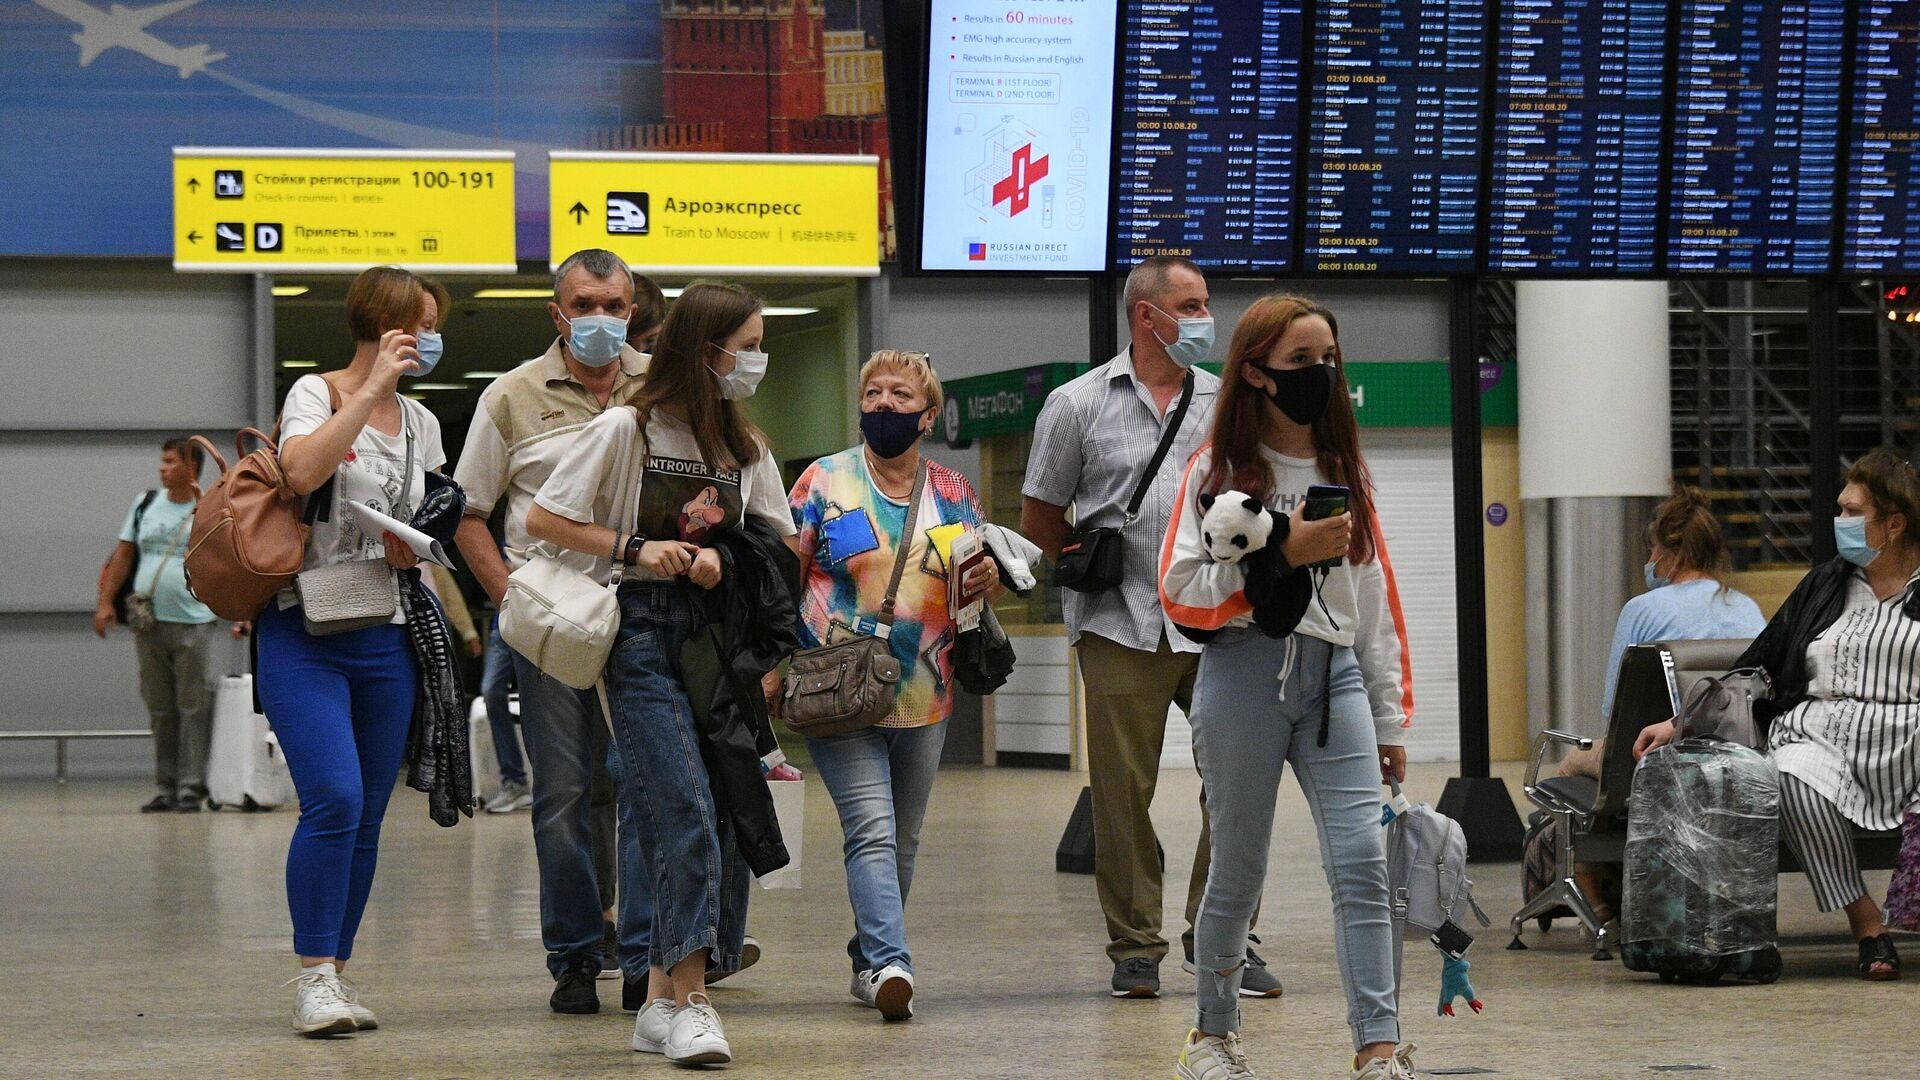 Риа новости 18. Российские туристы в Европе. Туристы в аэропорту. Аэропорт. Российские граждане в аэропорту за границей.
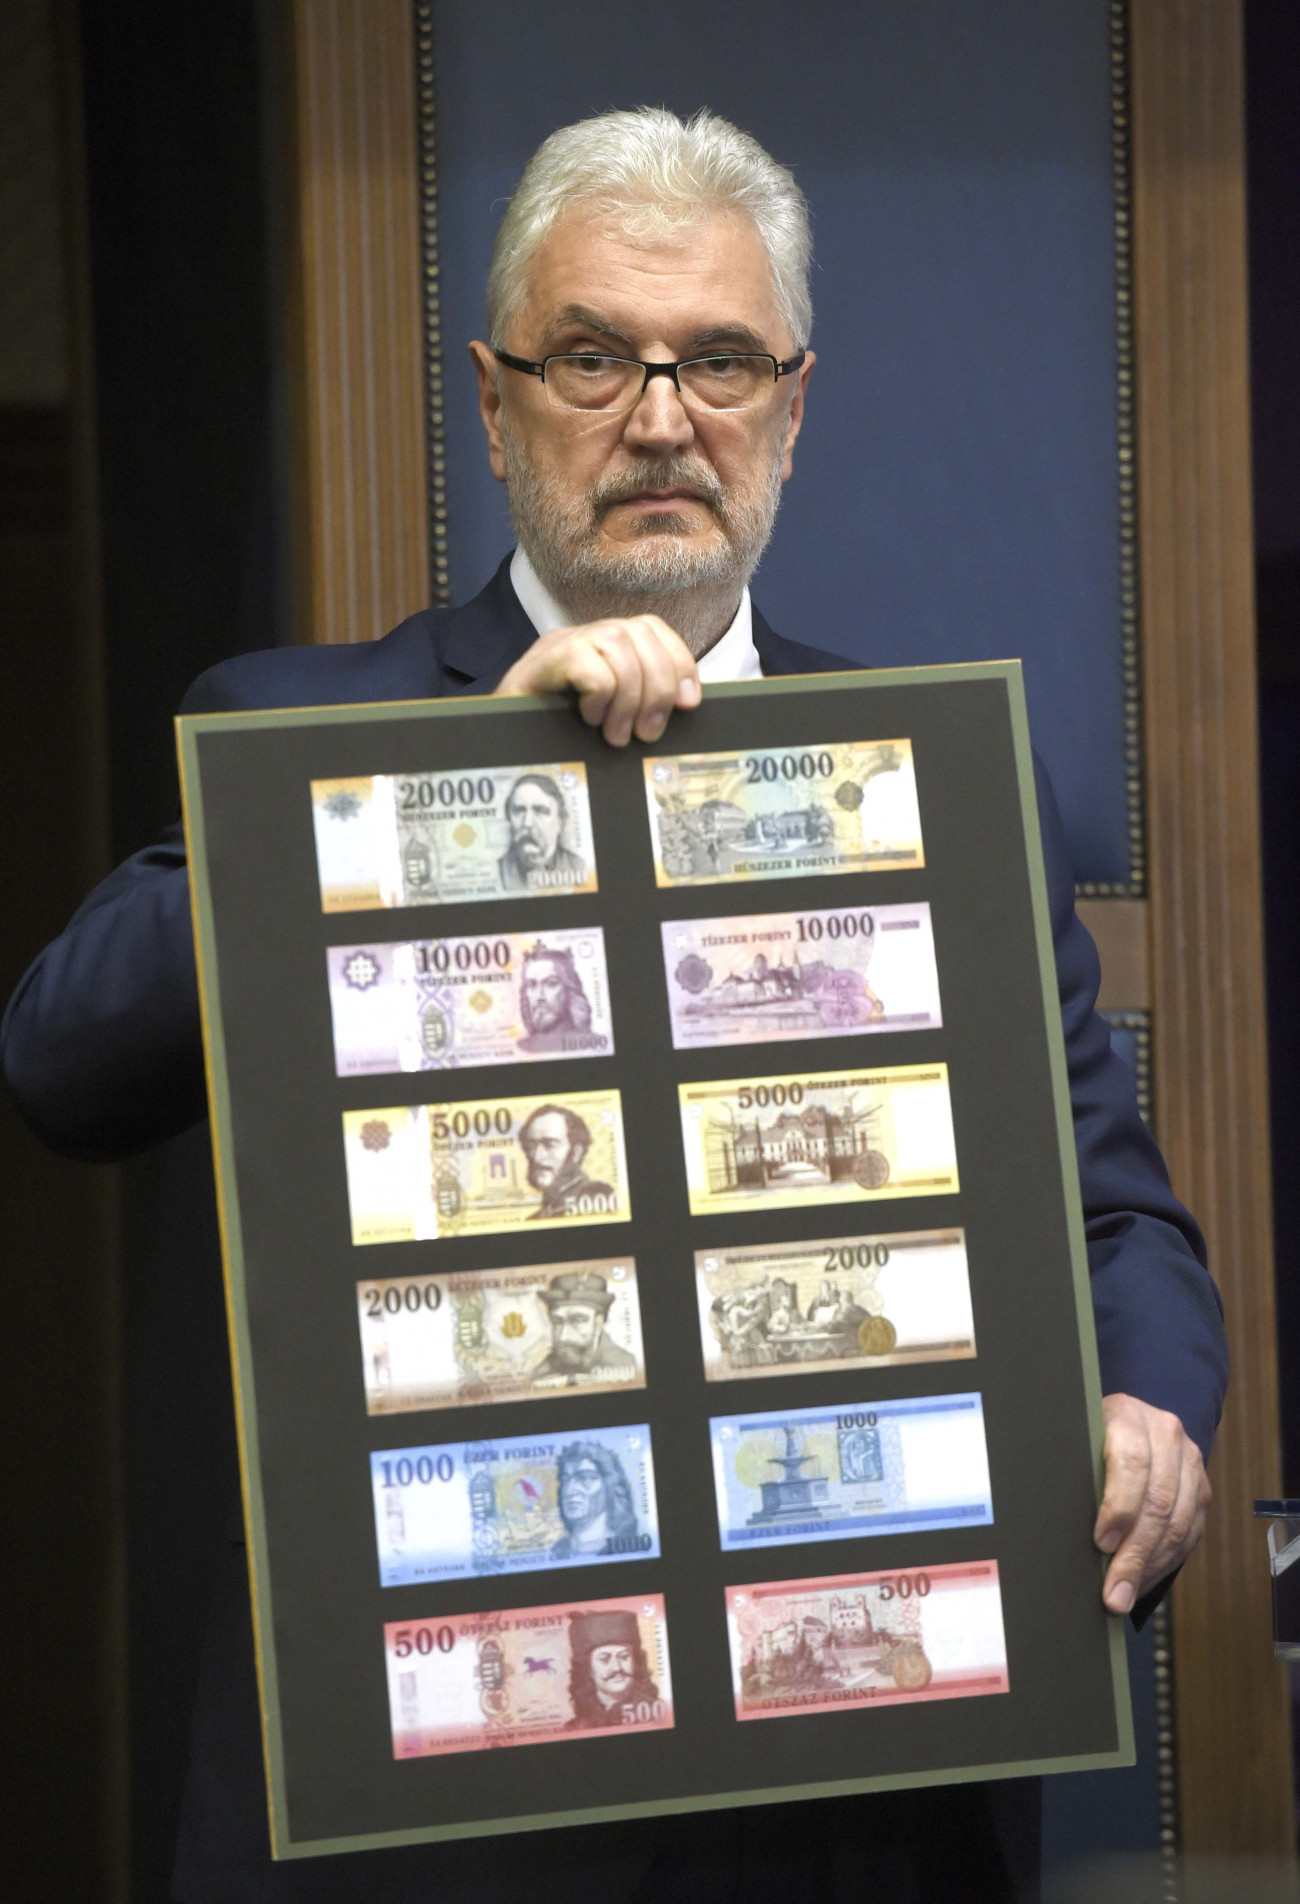 Budapest, 2018. július 3.
Pataki Tibor, az MNB Készpénzlogisztikai Igazgatóságának vezetője mutatja a forgalomban lévő bankjegyeket, alul az új 500 forintos az MNB Teátrumában tartott sajtótájékoztatón 2018. július 3-án. Az MNB 2014-ben megkezdett bankjegycsereprogramja hamarosan lezárul, a sorozat utolsó elemeként megújult az 500 forintos is. A most használatos 500 forintos bankjegyekkel 2019. október 31-ig lehet fizetni.
MTI Fotó: Bruzák Noémi

--------------------------------------------------

Exact copy, pictures excluded: repeat the lines from the top of the material through the line with "Budapest, 2018. július 3.".

**Exercise solution**
 Риа новости 18. Российские туристы в Европе. Туристы в аэропорту. Аэропорт. Российские граждане в аэропорту за границей.
 Budapest, 2018. július 3.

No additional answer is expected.